LEXINGTON, Ky. — The Kentucky Business-Education Roundtable will push for key initiatives to support education and workforce development during the 2020 General Assembly, Kentucky Chamber of Commerce CEO Ashli Watts said in December.

The Roundtable, convened by the Chamber, is a group of public- and private-sector leaders working collaboratively on a long-term plan to fuel improvements in the state’s education attainment and workforce quality.

The group identified four central goals in its initial report, Striving to be Top Tier for Talent:

— Invest in early childhood, to give kids a solid start

— Reinvent high school, to make a diploma relevant for the modern economy

— Ensure every adult obtains a marketable degree or credential

— Engage employers to define needed skills and develop talent supply chains

From that report, the Roundtable has identified priority recommendations for consideration by the General Assembly. It also noted the need for adequate resources to fund improvements.

“The Roundtable supports greater investments in programs that will build a stronger future for the state and its citizens and attract more people and businesses to ensure the state’s long-term economic viability,” Watts said.

"It is clear that the Commonwealth cannot reform or cut its way out of current funding challenges. The Roundtable supports tax reform that improves Kentucky’s competitiveness while producing net new revenue to support education and a modern workforce.”

Watts, speaking at the Kentucky Chamber’s 2020 Legislative Preview Conference, also noted that the Roundtable will continue to pursue other initiatives identified in its report in addition to the initial priorities.

The Roundtable’s legislative focus for the 2020 General Assembly will include:

1. Create, fund and deploy a branded statewide communications and marketing campaign to deliver relevant messages about education’s value at all levels with specifics addressing early childhood, postsecondary access and affordability, preparation for successful adulthood, real world implications, family support, employer engagement and others. This will be a shared, public-private initiative covering multiple years. The 2020 budget request will be $1 million in FY 2020 and $2.5 million in FY2021.

2. Increase funding to provide greater access to state child-care assistance for working parents, raising eligibility from 160% of the federal poverty level to 200%. The funding request is to be determined.

3. Fully fund (with state appropriations) all-day kindergarten with the provision that districts repurpose current locally provided kindergarten funding to 0-to-third grade programs. The approximate budget request is $140 million per each year of the biennium for local districts.

4. Support reinvestment in postsecondary education through the performance funding model and additional funding for Work Ready scholarships and student financial aid through the need-based College Access Program and Kentucky Tuition Grant program. The funding request is to be determined.

5. Continue criminal justice reforms, such as reclassifying drug possession as a misdemeanor and reforming the bail system, as workforce initiatives. Funding needs will be determined by the scope of the reforms.

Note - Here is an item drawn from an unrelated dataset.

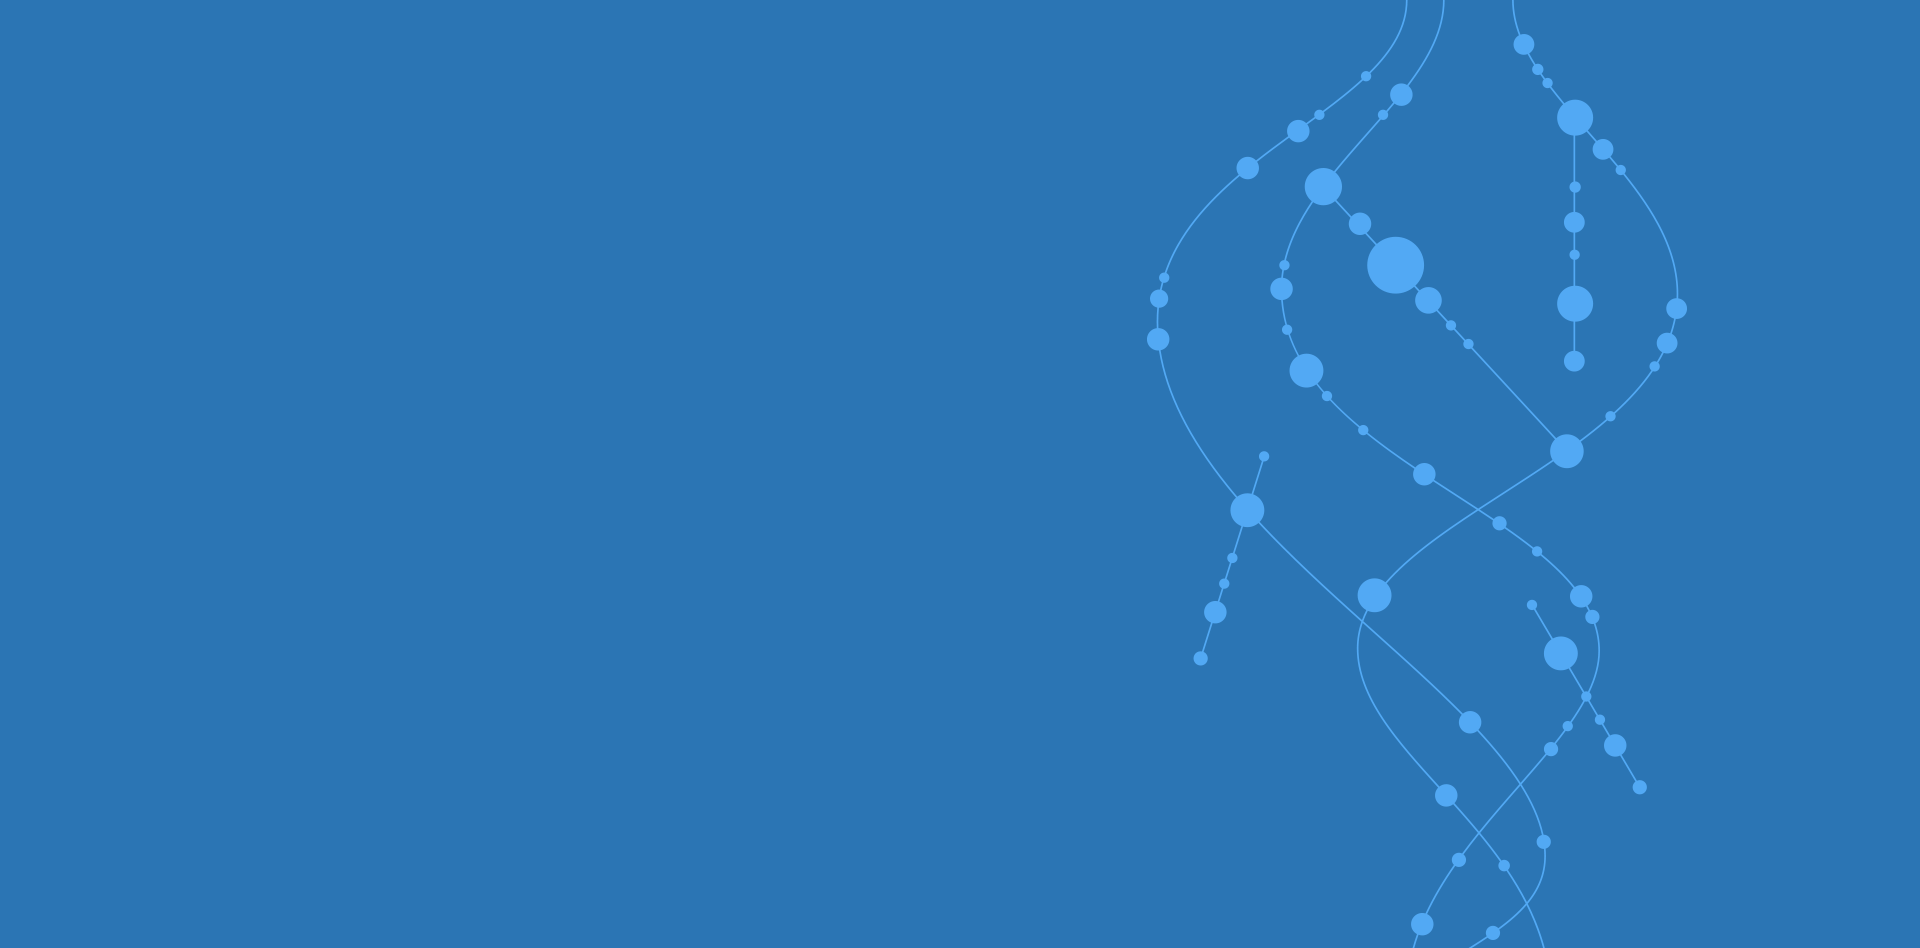 An image of a dna molecule on a dark blue background - Forecast Technology Product marking solutions with synthetic DNA tracers

6. Expand the Talent Pipeline Management program under the existing public-private partnership and support program funding in the amount of $500,000 a year for each year of the biennium.

The Roundtable also will support initiatives that are expected to originate in the General Assembly, including:

— The creation of an Early Childhood Education Task Force

— Third-grade reading and math proficiency legislation that relies on research and evidence of best practices and outcomes. Funding would be from redirected state grant money.

Additional, non-legislative initiatives by the Roundtable will include:

— Update state credentialing programs to streamline the process, upgrade skill levels, define specific areas of need, increase professionalism of workers/providers, connect employers directly with educational institutions and practitioners.

— Convene a task force of human resource, employer and education representatives to determine what information employers need to understand high school graduates’ knowledge and abilities and to determine how that information should be disseminated.